Vom Hänger in die Schoß!
    Früher hatten sich Frauen „altersgemäß“ zu kleiden. Ich wurde noch in diese Zeit hineingeboren, habe sie die ersten Jahrzehnte meines Lebens erlitten.
    Als weibliches Baby musste man „Rosa“ tragen, höchstens mit „Weiß“ geputzt. Wohl, damit gleich auf den ersten Blick klar war, dass sich im Kinderwagerl leider kein „Stammhalter“ befand!
    Dann folgten die Jahre des „Hängers“. Kurze Passe, angekrauster Rock, meistens mit Puffärmeln und Bubikragen bestückt.
    Ab der Taferlklasse ward man in Kleider mit „Leib“ gesteckt. Der Leib reichte bis zur Taille oder auch eine Handbreit drunter oder drüber, je nachdem, ob man ins Kleid erst „reinwachsen“ musste oder bereits „drausgewachsen“ war.
    Wurde man Teenager, was Backfisch hieß, war man in einem Übergangsstadium, textilmäßig im „Niemandsland“. Was man trug, hing von den Müttern ab. Die einen ignorierten töchterliches Heranwachsen und zwangen Backfische weiter ins Leib-Kleid, auch wenn sprießende Formen den brustabnäherlosen Leib zu sprengen drohten. Andere hielten die Zeit für den Faltenrock reif. Wochentags kariert, sonntags dunkelblau. Ab Tanzschulalter, das mit 16 einsetzte, ging man nahtlos zur „Frauen-Mode“ über. Dann war erlaubt, was „die Saison“ befahl. Jährlich eine neue Rocklänge etwa, wobei die im Abstand vom Boden zum Rocksaum angegeben war! Es wurde also auf Gesamt- und Beinlänge der Frau keine Rücksicht genommen, wodurch manchen Damen der „aktuelle“ Kittel bis zur halben Wade, manchen bis zu den Knöcheln reichte. Es gab auch pro Saison eine „Linie“, symbolisiert durch Buchstaben wie A, Y, X oder T, und die Figur hatte sich dem Buchstaben anzupassen. T war: Schultern breit, drunter schmal. Y war: Breiter Oberleib, von der Taille an schmal. X war: Enge Taille, Schultern und Hüften breit. A war: Vom Hals an wie ein Stanitzl!

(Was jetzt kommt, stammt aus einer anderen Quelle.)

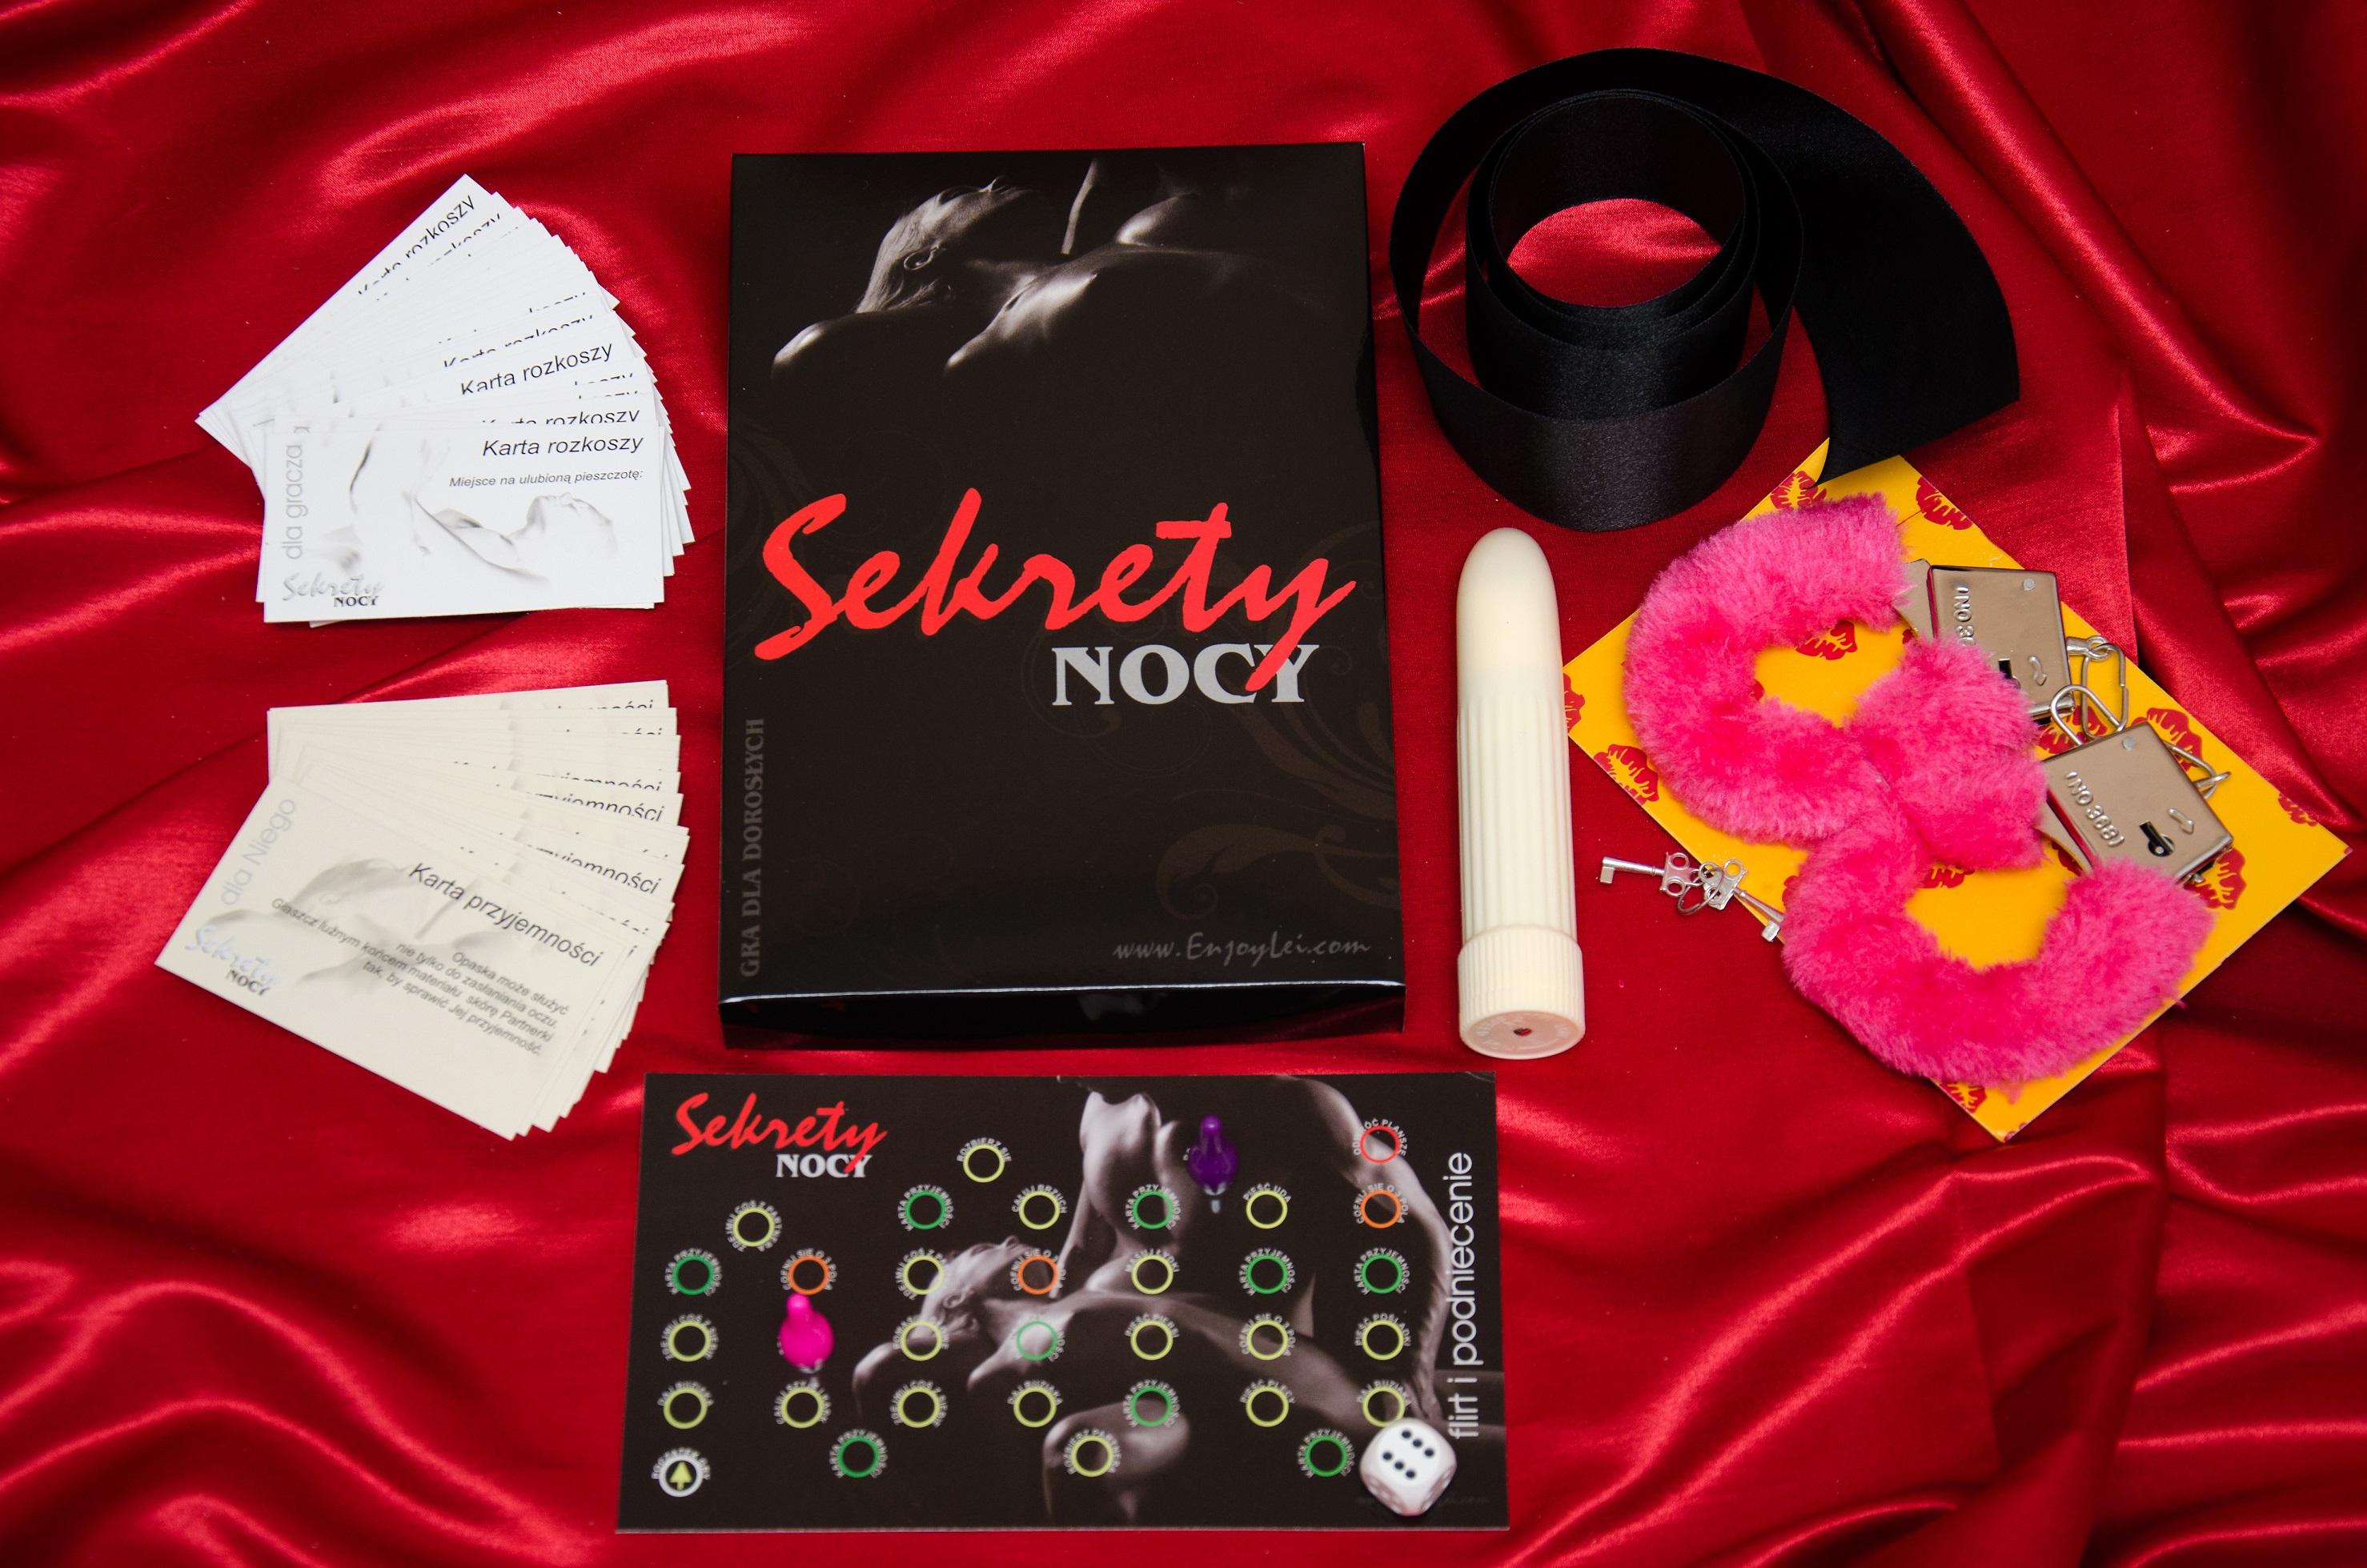 Erotische Spiele -<br>Secrets of the Night

    War man dann um die fünfzig, musste man vom Saisonangebot lassen und „zeitlos madamig“ sein. Dann trug man statt Röcken „Schoßen“, statt Pumps „Trotteurs“, statt Pullis „englische Kostümjacken“ und Hüte, Riesenkrapfen ähnlich, die Boxhiebe abbekommen hatten. Natürlich soll man dieser geregelten Textil-Zeit nicht nachtrauern, aber eins ist wahr: Des stolzen Gefühles, das unsereiner hatte, wenn er vom „Hänger“ in den „Leib“ wechseln durfte, gehen Kinder heute verlustig.
    Keine „Schoß“ tragen zu müssen entschädigt dafür aber Jahrzehnte später bei Weitem.

Im Fettnäpfchen
    Taktlosigkeiten können absichtlich gesetzt oder ohne Arg begangen werden. Erstere mögen, wegen der kränkenden Absicht, die gemeineren sein, aber vernichtender wirken die ungewollten Taktlosigkeiten.
    Sagt man, voll Hinterhalt, mit sanft gebremstem Hohn zu jemandem, den man bisher glatzig kannte: „Ach, dir sind ja Haare gewachsen!“, wird das der Herr nicht als nett empfinden. Sitzt dieser Herr aber in einer Runde, die rätselt, welch psychischen Defekt einer haben muss, der nicht im Glanze seiner Glatze außer Haus geht, fühlt er sich sicher noch mieser.